The thing I find most disturbing, however, is the depth of their acceptance. Anyone that listens to these guys for more than a few minutes and isn't either laughing or crying has lost the ability to think critically. When someone tells you that everything group "A" does is good, and everything group "B" does is bad, and in fact, every problem the country faces is due to group "B" ... shouldn't the baloney meter be ringing off the hook? Here's the test: Listen to Rush talk, and every time he says "liberal," you say "Jew." Sound familiar?
-- Tom Mitchell
Anchorage
Murkowski listened to Alaskans
Sen.

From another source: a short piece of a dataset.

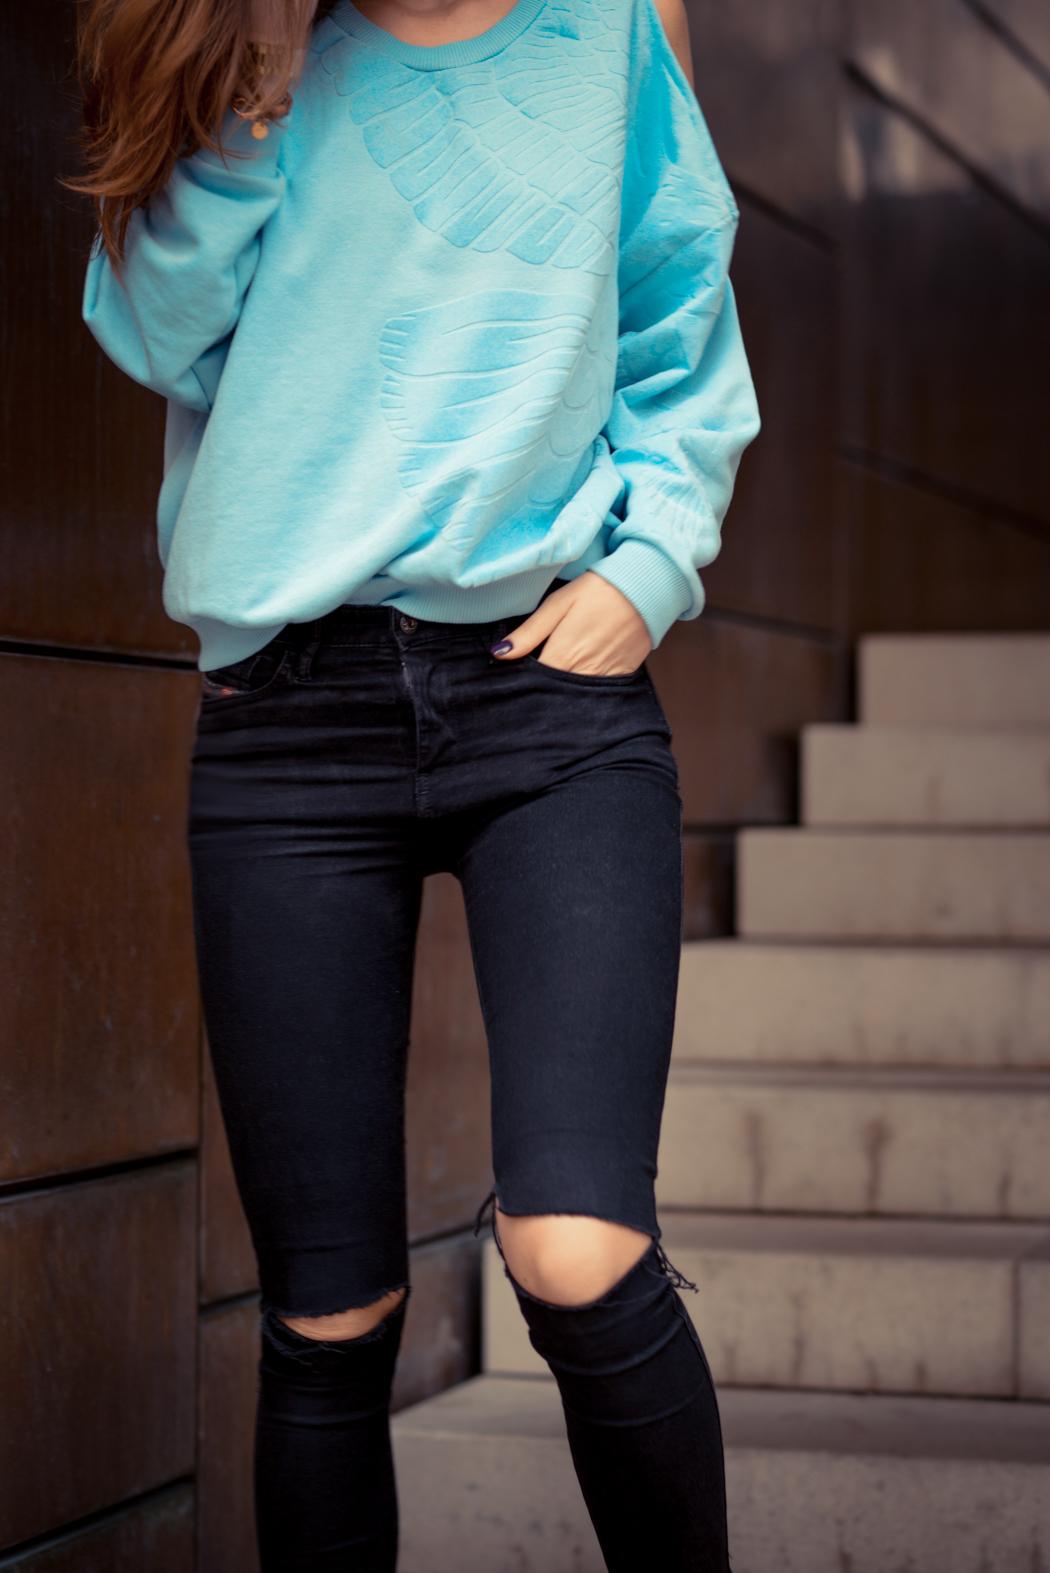 Rita-Ora-Sweatshirt-hellblau-Fashionblogger-München-1

Lisa Murkowski had some serious concerns (rightly so) about how this stimulus bill was transforming. Sen. Mark Begich acknowledges that while he agreed with most of his e-mails, he felt it was a good bill overall. Just who is falling in line here? The senators work for the constituents of their state, not the president. Obviously, the constituents in this state do not like this bill. Thanks, Sen. Murkowski, for standing up for us. -- Rebecca Monaghan
Wasilla
Permanent Fund managers failed to protect Alaska's huge assets
Chancellor Fran Ulmer, moderator of the recent Permanent Fund presentation at UAA, stated that the 1970s group of prominent Alaska leaders who created the Permanent Fund were Alaska's greatest generation. She's probably right, because the current generation has failed abysmally at protecting the fund. Its value has plummeted close to $10 billion. That's $15,000 per Alaskan.

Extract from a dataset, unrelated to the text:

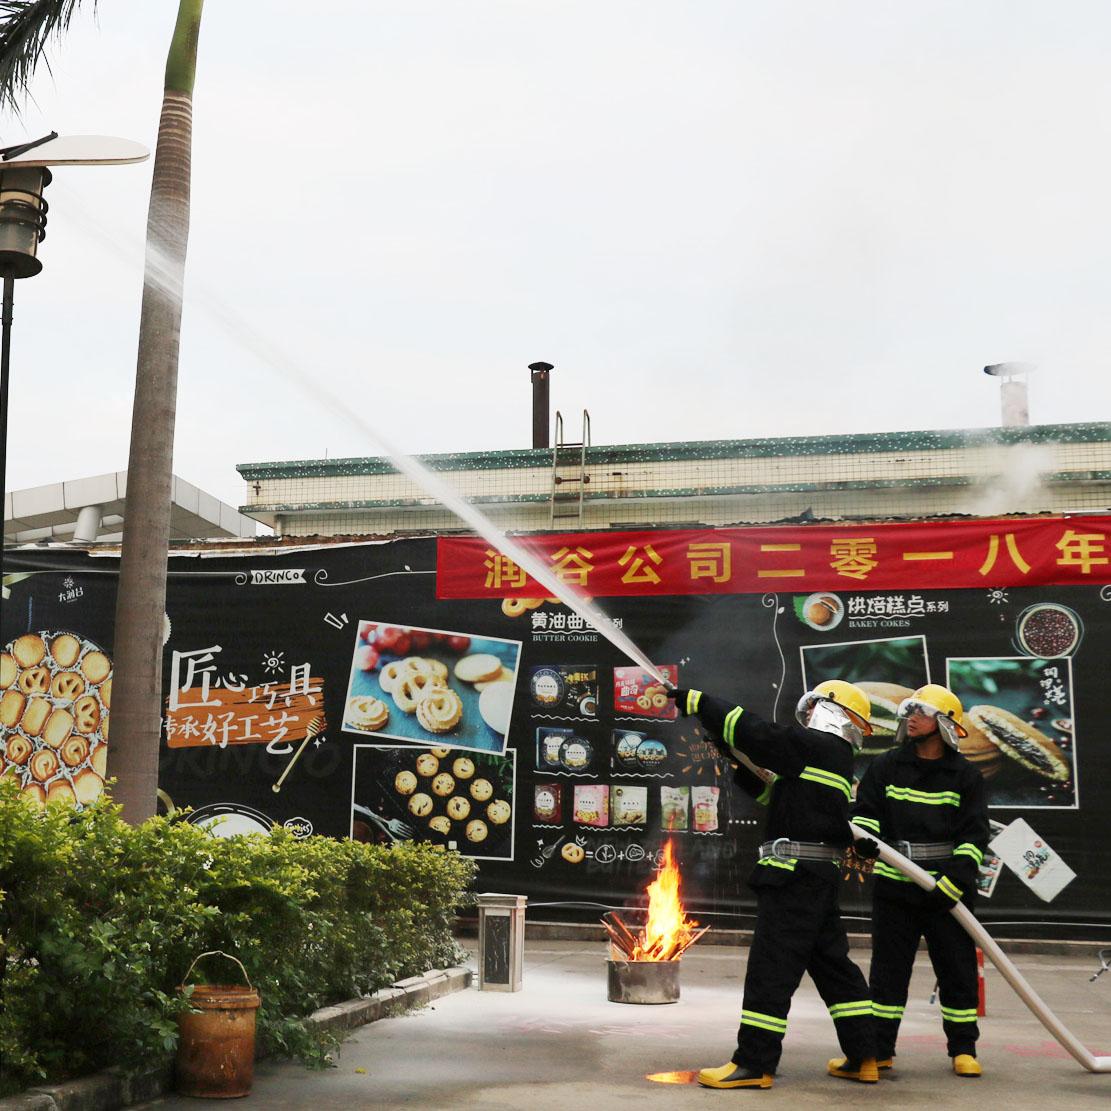 Regular fire drills and seminars

By last summer the evidence of an impending stock market meltdown was overwhelming. Yet the Permanent Fund board of directors continued to adhere to the "long-term asset management" concept, irrespective of evidence of disaster, because -- well -- that's what the rules they adopted said they should do.
That's not leadership. At least one of the directors or managers should have sounded the warning bell in the night and demanded an emergency board meeting to consider dumping the fund's stocks.
If they had been wrong, no harm except to their reputation. If right, they would have saved the $10 billion.
I suggest that the board form an Alaskan Permanent Fund Citizen's Advisory Council whose mission would be to provide real-time, real-life input to board policy-making. Council composition would consist of independent-minded Alaskans who think outside the box, the box being the fiscally dangerous belief that limitless deficit spending and grossly manipulating the money supply promotes prosperity. Look where it's leading us.
Maybe then we can avoid more losses when the second shoe drops.
-- Larry Slone
Anchorage
Fairness Doctrine hysteria is figment of Jenkins' imagination
Paul Jenkins spends an entire column responding to his belief that Democrats are attempting to revive the Fairness Doctrine (Feb. 22). As evidence to support his concerns, he cites an ex-president with no political power, notes that Obama has been consistently against reviving the Fairness Doctrine, and then points to Obama's mundane and obviously true observation that Republican congressmen can't govern effectively while taking their cues from Rush "I hope Obama fails" Limbaugh. So we have two fairly inconsequential quotes and one that directly contradicts the point Jenkins is trying to make.
Right-wing blogs and talk radio have been pushing this Fairness Doctrine "controversy" since the November elections even though every major Democrat in Congress has made it clear that they aren't in favor of addressing the Fairness Doctrine any time in the foreseeable future. Many of them, like Obama, have stated that they are actively opposed to reinstating it.
Yet the right wing keeps fear-mongering, insisting that this demon of their paranoid hysteria is an actual threat. Jenkins and those like him might want to think twice before accusing others of smoking crack based only on evidence produced by their own hallucinatory fever dreams.